The best treatment has been tetracycline pills or minocycline pills. You take one pill a day on an empty stomach for a month. Tetracycline is pretty safe at this dose. It is completely destroyed by food. So, you must take it with your stomach empty for an hour before and after you take the pill. Tetracycline could make you more sensitive to sunburn. Be sure to use a sunscreen if you are going to be in the sun such as skiing or swimming. Rarely tetracycline can cause a yeast infection of the vagina. This is characterized by a thick white cheesy vaginal discharge that causes itching around the vagina. If that happens, stop the tetracycline and let me know.

Minocycline is super tetracycline. It gets into he skin ten times better. That means that instead of taking 250 mg or 500 mg of tetracycline a day, you can take 50 mg of minocycline. You can take it with food. It is less likely to cause upset stomach. It is less like to cause yeast infections.

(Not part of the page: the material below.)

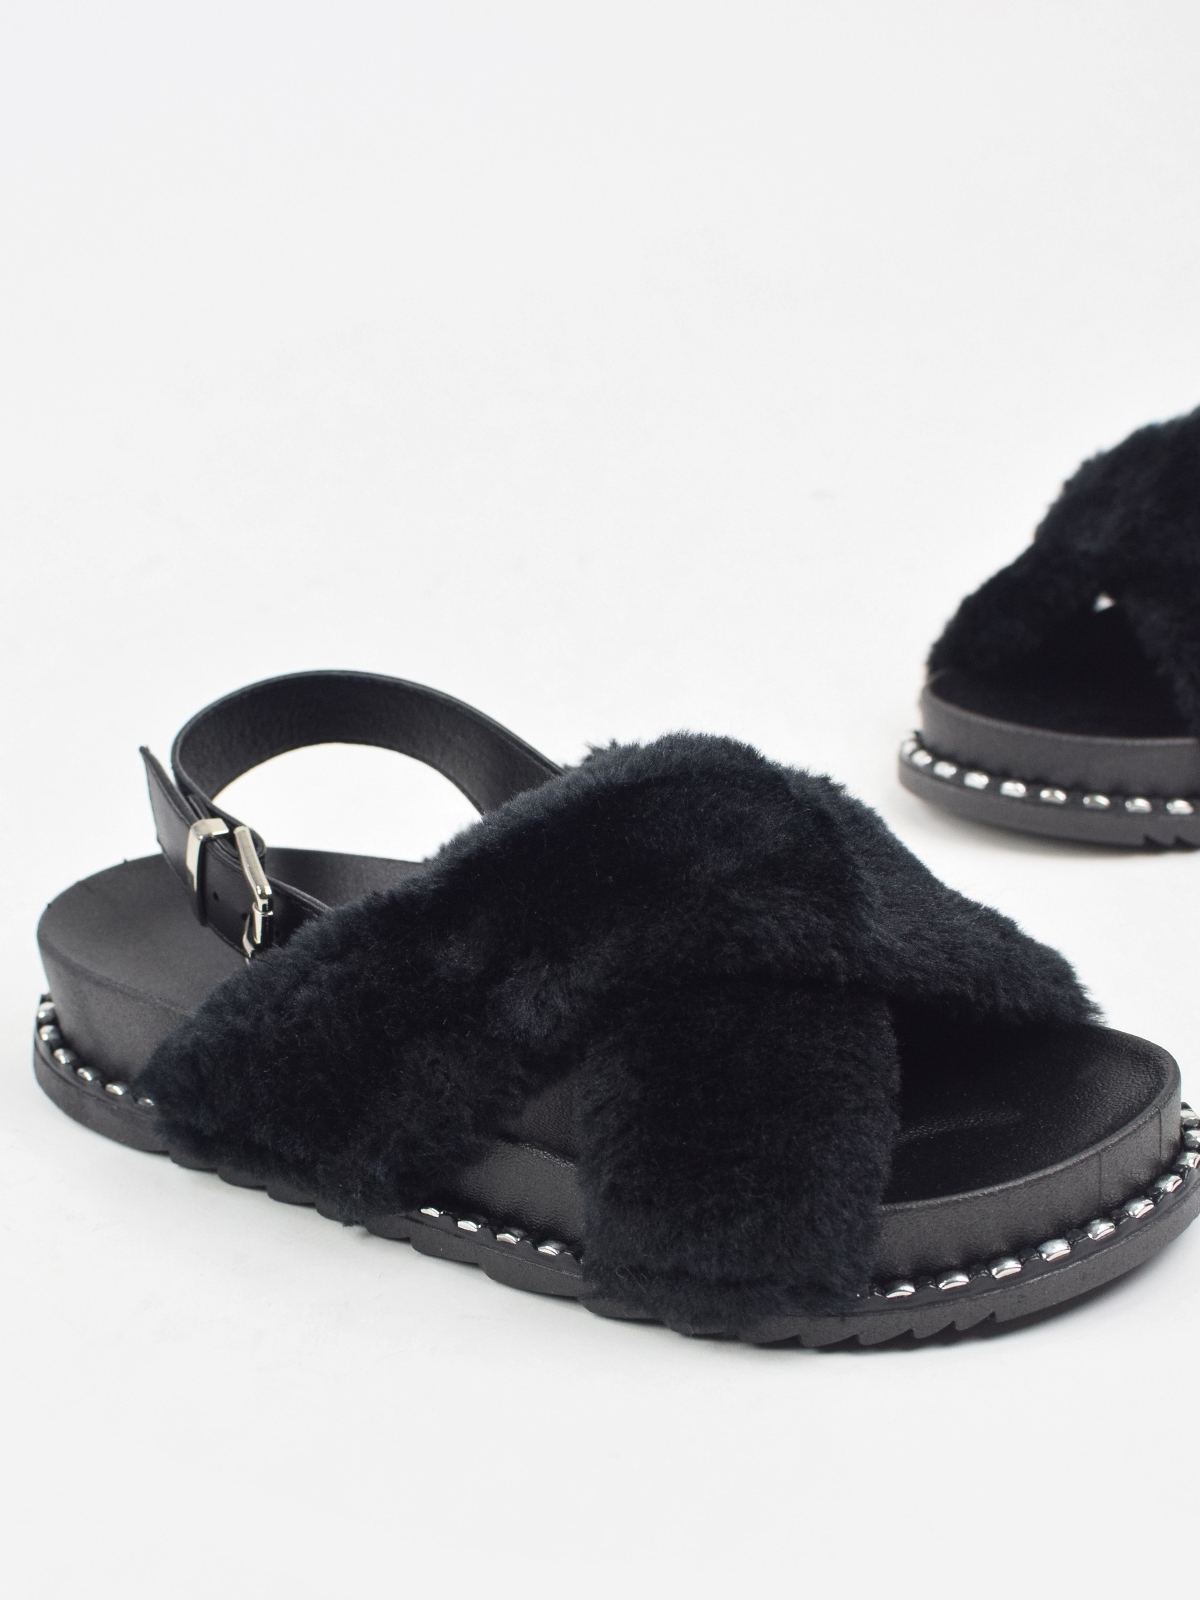 Stylish adjustable sandals with medium platform in black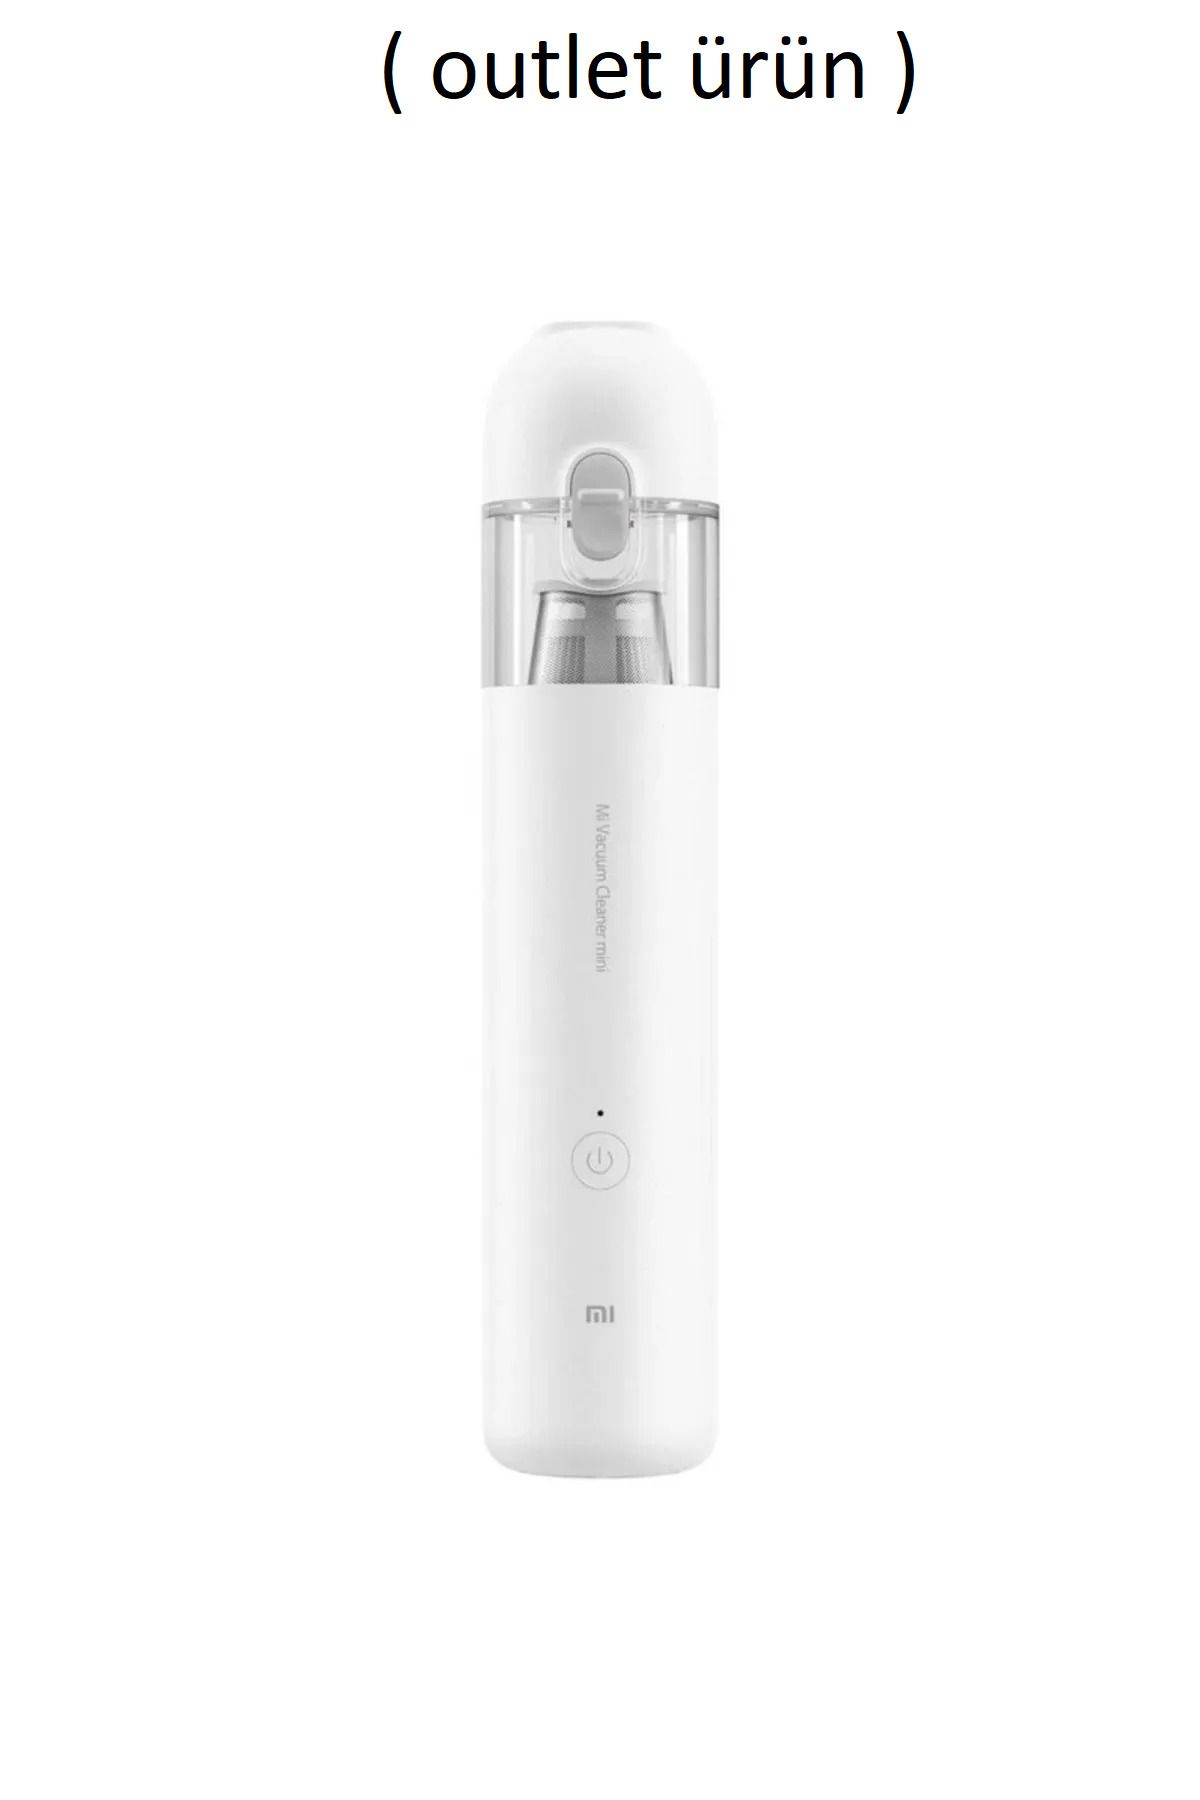 Xiaomi Mi Vacuum Cleaner (eu)  Mini Şarjlı El Süpürgesi ( Outlet Ürün )

At the same time, use a mild, non-fluorinated cream such as Westcort or Locoid Lipocream. On the face, we must be concerned about safety. That's why we use a mild cortisone cream. To get strength out of it, wet the skin before you put it on. Wet the rash areas and rub in the medicine once or twice a day. That way you get the safety and the effectiveness. As the rash improves, try to decrease the cortisone cream to once a day. Most people tell me that they can eventually get by with once a day.

For the first month, use both the cream and the pills. After the first month, you will run out of pills. Use just the cream. See me at two months. We will have to see if you can get by with just the cream or if you will need more pills. About 70% of my patients are able to get by without the pills after the first month.

The information provided in these patient information sheets is offered for general informational and educational purposes only; it is not offered as and does not constitute medical advice. In no way are any of the materials presented meant to be a substitute for professional medical care or attention by a qualified practitioner, nor should they be construed as such.